Analysis: my sense is that this field as stalled a little bit, at least publicly. Yes we have 10000 variants of diffusion models, but are the models useful? Unclear. I found this a bit disappointing (and I don't blame researchers for this, I've also been thinking about this problem for a while without producing a compelling solution).

2025 predictions

  • Field still feels "stalled", though papers will still be published at NeurIPS + similar conferences
  • More serious efforts in industry to deploy these techniques, with some success
  • Best places to look for innovation will be in the methods section of Science/Nature-oriented papers
  • At least one important innovation will not be published (so I guess we won't know about it directly)

Bayesian optimization (BO)

Status: not a ton of papers at NeurIPS, but there were some good ones, and keep in mind that BO has never been hugely popular within the ML community. Most work seems to be in approximations and applying BO to scenarios with unusual restrictions. I particularly liked a new way to set GP inducing points for use in BO, cost-aware BO using ideas from Pandora's box, and Google's Vizier GP bandit algorithm2.

However, from informal conversations it appears that many researchers derive value from fairly "vanilla" BO in a variety of domains, which is encouraging.

Analysis: my sense is that BO has a lot of untapped application potential, especially in areas outside of A/B testing and hyperparameter optimization. There is still a lot of room to develop BO-like methods for tasks outside of single-objective optimization, and analyzing the effect of approximate inference.

2025 predictions

  • More and more companies will derive "mundane utility" from BO
  • People compare BO to LLMs for decision-making. These comparisons will not be "fair" in that they will use a pretty vanilla BO setup without much tuning.
  • Despite a lot of potential, only a handful of groups will continue to do serious BO work (probably mostly the same people as before)

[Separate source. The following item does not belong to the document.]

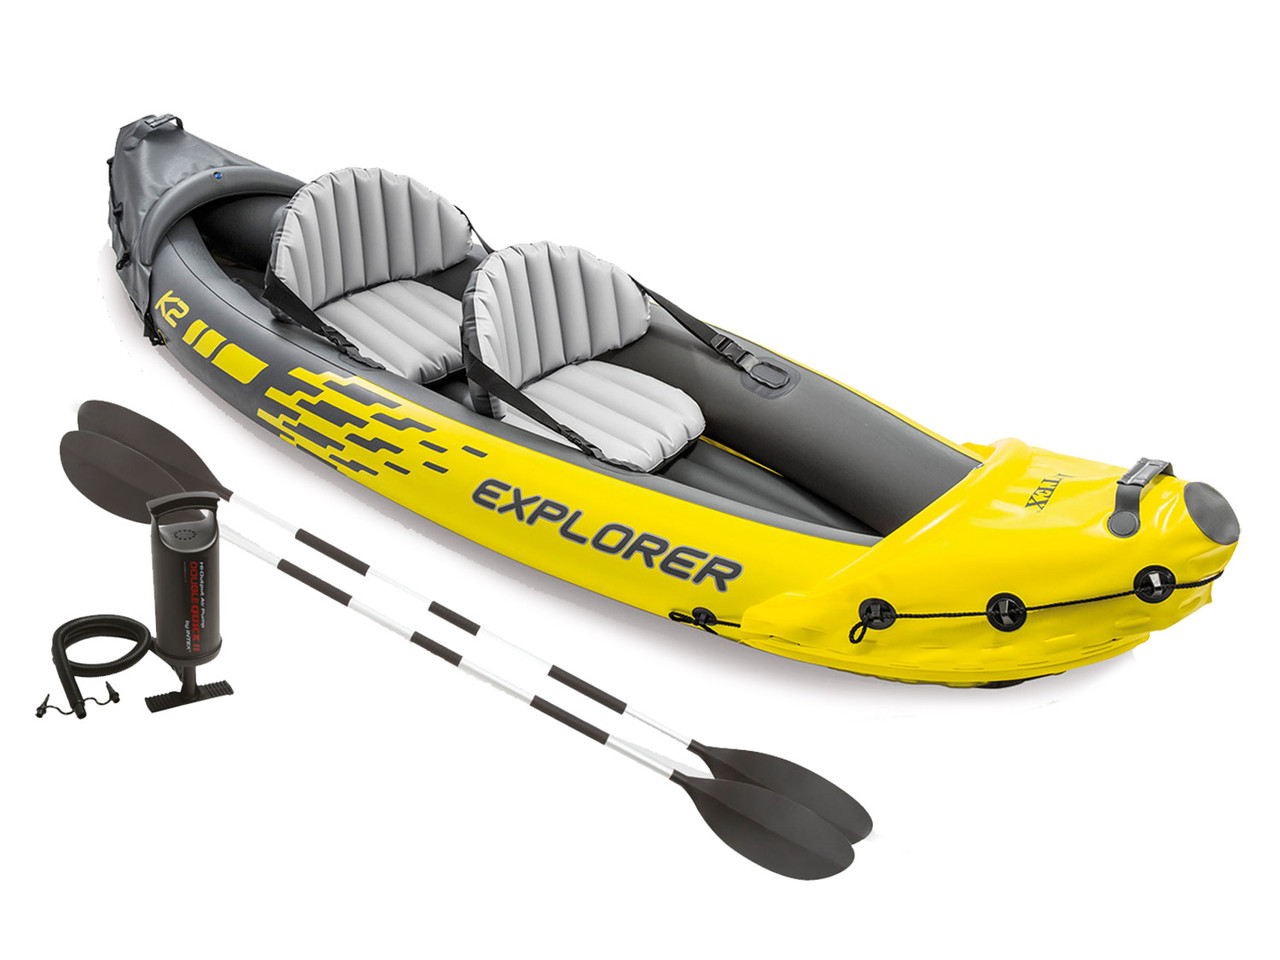 Надувная байдарка Explorer K2 312 x 91 x 51 см INTEX 68307
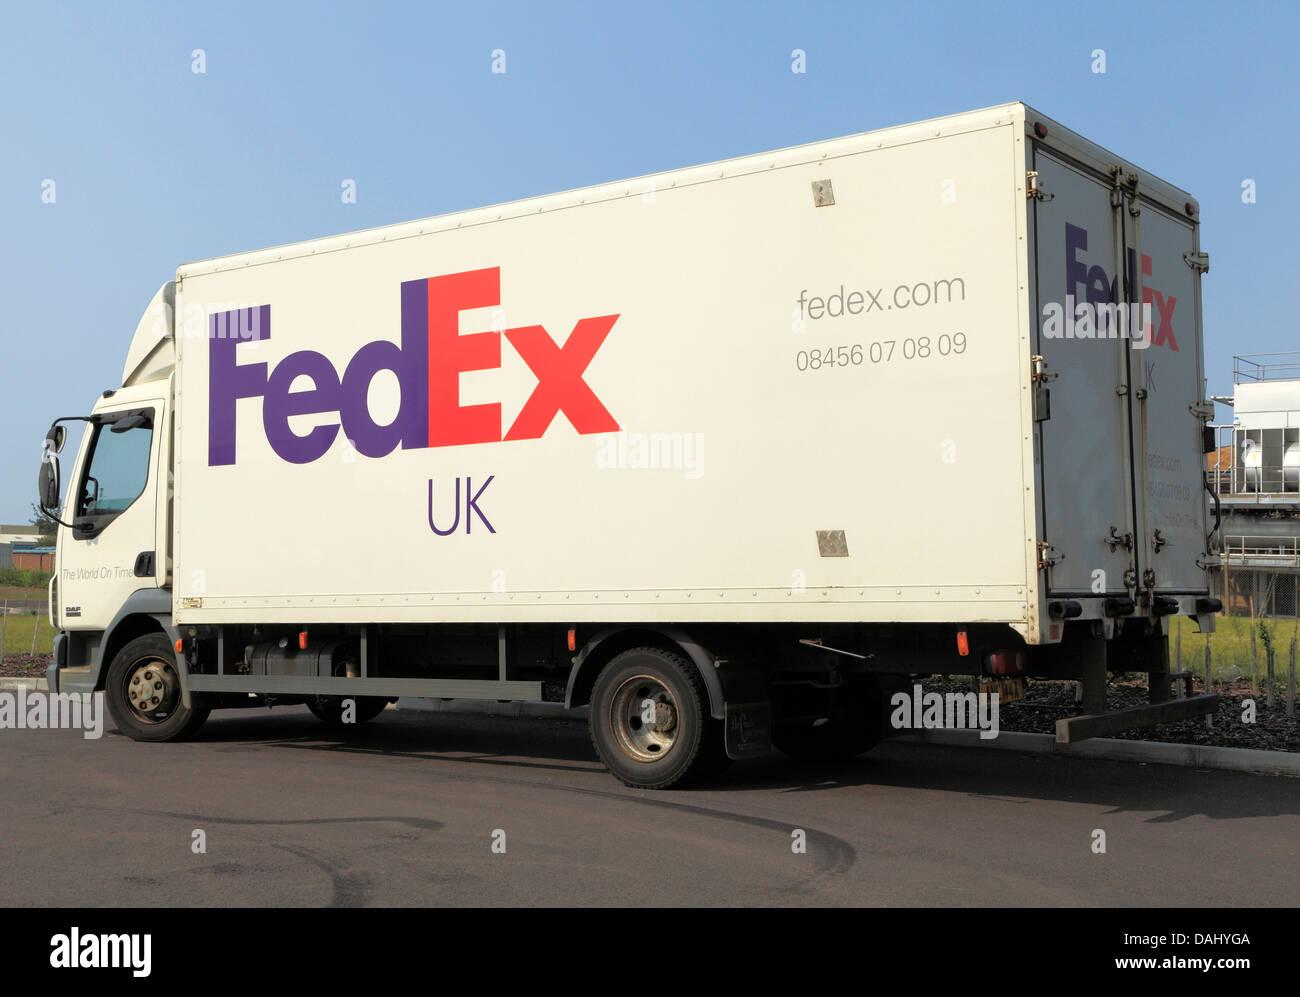 Fed Ex Transport Transporter LKW LKW Fahrzeug England UK FedEx Zeichen logo Stockbild

General AI-powered productivity tools

Status: as far as I know there were no legible artifacts about this from the conference (eg posters, recorded talks). However, from conversations with other researchers I found more and more people getting value from general-purpose AI productivity tools. People ask questions to ChatGPT / other foundation models. People use co-pilot + similar tools when writing code. People use ChatGPT to help proofread papers.

Analysis: these tools must be more useful than before. My sense is that if you don't use an LLM tool at least once per day as part of your work then you aren't using LLMs enough. I think I should personally use LLMs more.

2025 predictions

  • More researchers use LLM tools
  • More niche tools that save time (for example, something like really reliable sorting of priority emails would save a lot of email time)
  • Range of tasks where LLMs are useful increases

AI safety / alignment

Status: lots of safety-relevant posters, talks, and workshops. A lot of "analysis" work, but nothing that comes close to "solving" safety/alignment.

Analysis: safety is becoming a lot more mainstream, which is encouraging. I'm not seeing much of the "alignment research is bad because it distracts from present issues" argument. No surprise that it isn't solved.

2025 predictions

  • Trends continue: safety becomes more mainstream as LLMs become more powerful, and we still do not "solve" safety because it is an immensely hard problem

Conclusion

Overall, ML has grown bigger every year for the past 10 years, and 2024 was no exception. I don't see why 2025 will be an exception either. Let's see how things play out!


  1. There were of course many people from these frontier labs in attendance. 

  2. NOTE: not presented at NeurIPS. I wrote a previous blog post about it.